KBO Model Day 3: KBO Home Field Advantage Update and Starting Pitchers

Note: I’ve fixed an issue with the scraper that didn’t include double headers. You can see the updated KBO home field advantage here.

Yesterday I took a crack at finding the KBO’s home field advantage as an input into my KBO prediction model. I had hoped to find a unique value for the league’s home field advantage to bake into my model. Unfortunately, after grabbing results from that last 4 years, it turns out that the leagues home field advantages was the same as the MLB number I had used a placeholder. For some reason my scraper would die in the 2015 season.

I did some debugging and realized that there was just a single game that had a bad data layer that the parser could deal with. After hard coding it to skip that game, I was able to compile records for that last 10 seasons.

SeasonHome Team WinsVisiting Team WinsTotal GamesHome Field Advantage

Whoa! So while over the last four seasons, the KBO home field advantage has been around 8%, over the last decade it’s less than 5%! And at the beginning of that span, it was negligible! Graphically, here’s each year’s HFA, and the cumulative HFA since the beginning of the sample:

KBO Home Field Advantage, 2010-2019

KBO Home Field Advantage, 2010-2019

The home field advantage has been steadily climbing. While I could probably go further back, I’m not sure it would be useful for my model, which is what I really care about here. And given the shape here, I’ve decided to weigh the last 3 years at 3x, previous 3 at 2x and first 4 at 1x. My new HFA constant is 6.67%.

For today’s games, I factored that new HFA in. The model had 2 games with about a 10% disagreement with the market, and 3 games with less than a 3% disagreement. I opted to play the top 2, but looked at the starting pitchers first. I did this manually as I still don’t have a bottoms up way to factor in individual players. My “eye-ball” test said I should stick with the home dog Samsung Lions over the Kia Tigers. However, I liked the pitcher better for the LG Twins, so I went against the model and bet against the NC Dinos.

The results: 1-1. Would have been 2-0 if I would have stuck with the NC Dinos, and 4-1 if I would have played all 5 of the model’s recommendations.

Since the games happen at 5:30, I’ve been checking them out bleary-eyed around 6 AM when my 6 year-old burst through the door. I’m starting to get a sense that runs happen in bunches in the second half of the game.

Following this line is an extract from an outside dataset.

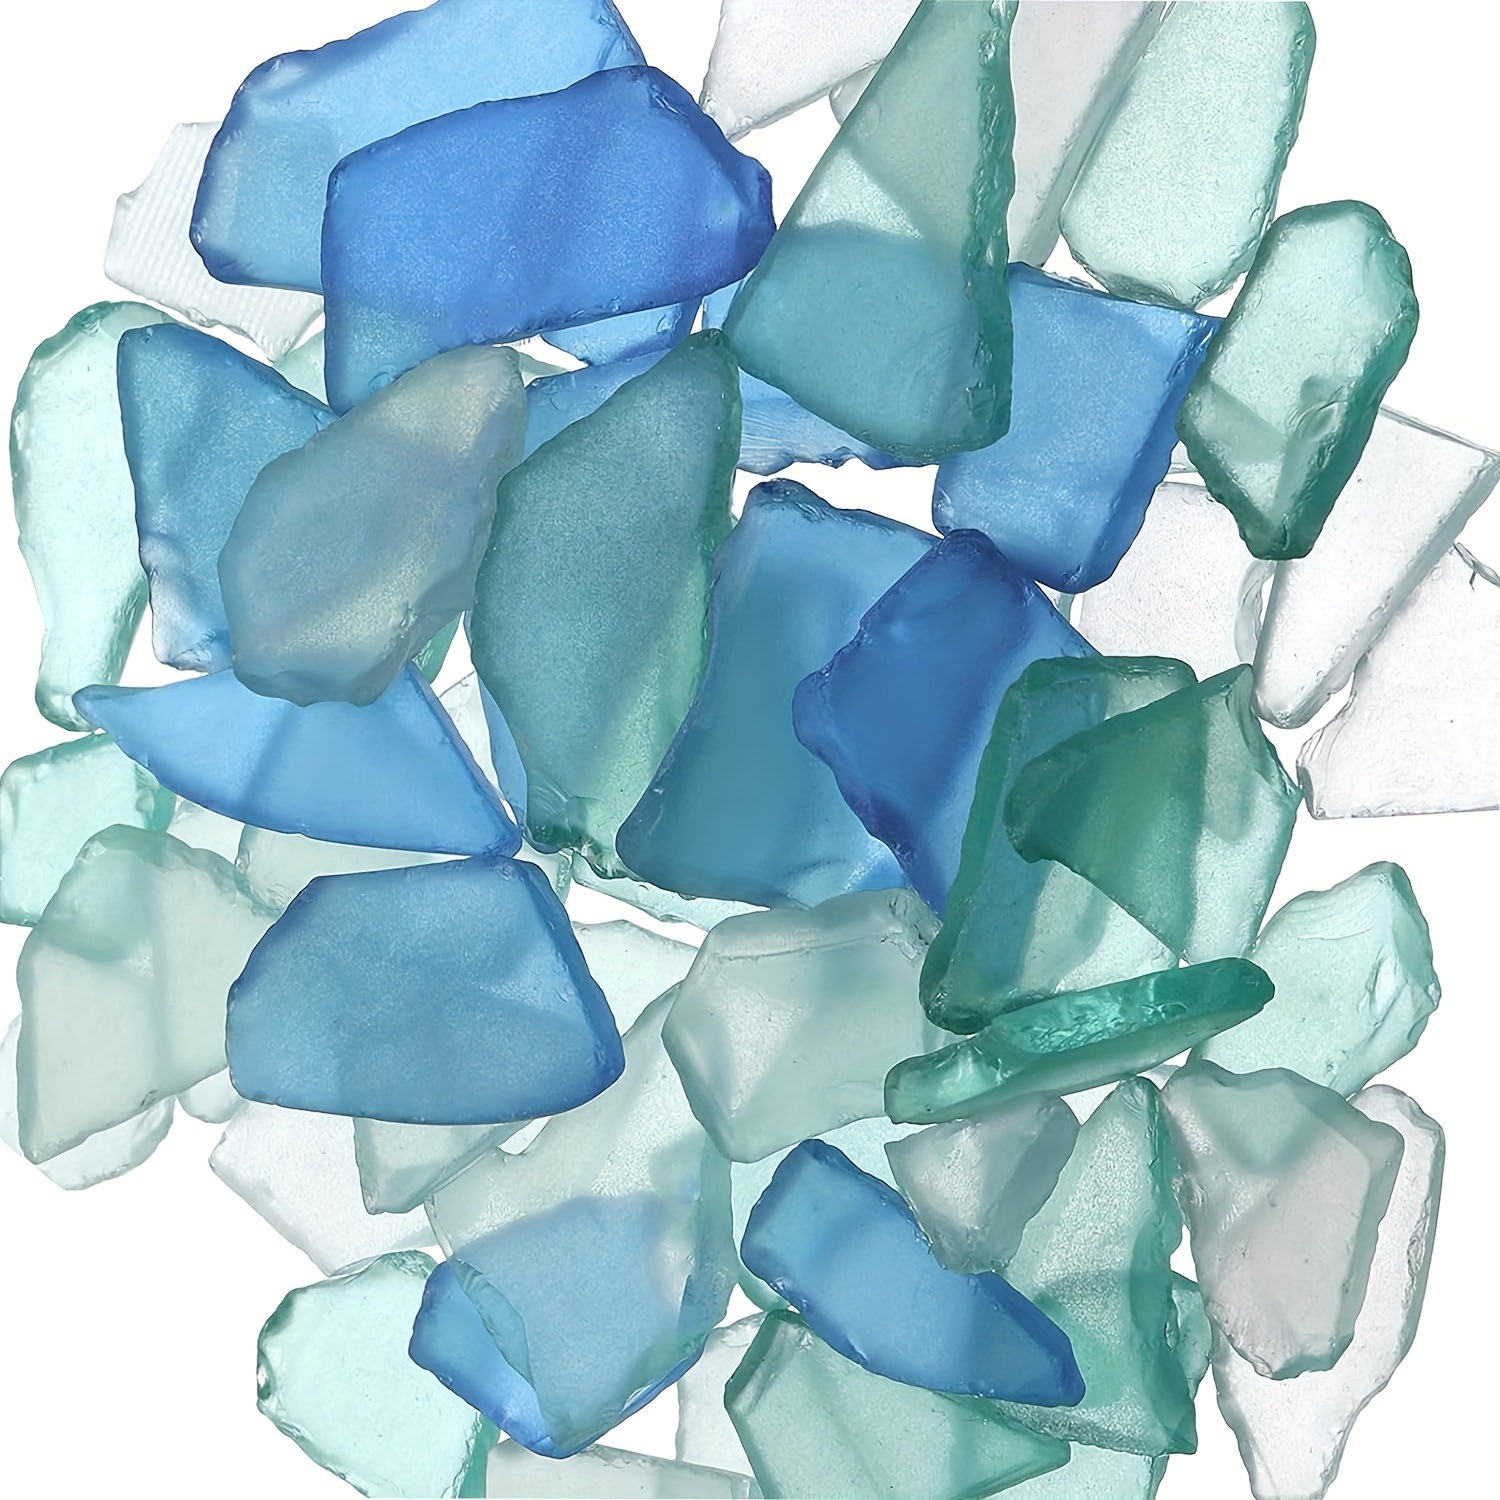 

8.82oz (250g) Sea Glass Ornament, For Crafts Sea Glass Pieces Decor Flat Frosted Vase Filler Crushed Beach Wedding Party Decor Home Aquarium Decor Blue White Green

Perhaps starting pitchers are less important than I thought. Perhaps starters are less significant in KBO than in the MLB? There are lots of theories like this to develop and test.

Since I have the data saved in JSON files thanks to my scraper, I was be able to whip up a quick analysis of runs by inning over time, re-using the code I wrote to determine the home field advantage, as well as the length of an average start.

KBO Runs Scored by Inning, 2010-2019

KBO Runs Scored by Inning

Percent of KBO Runs Scored by Inning, 2010-2019

Percent of KBO Runs Scored by Inning

Over the last 5 years, starters have averaged just a shade over 5 innings per game in the KBO. Over that same period, the first 5 innings have accounted for an average of 58.5% of scoring. Seems valuing starting pitchers will still be an important input to the model.

Luckily, I just saw this morning that Fangraphs now has player level ZiPS projections. I’ll dig into that later today as well.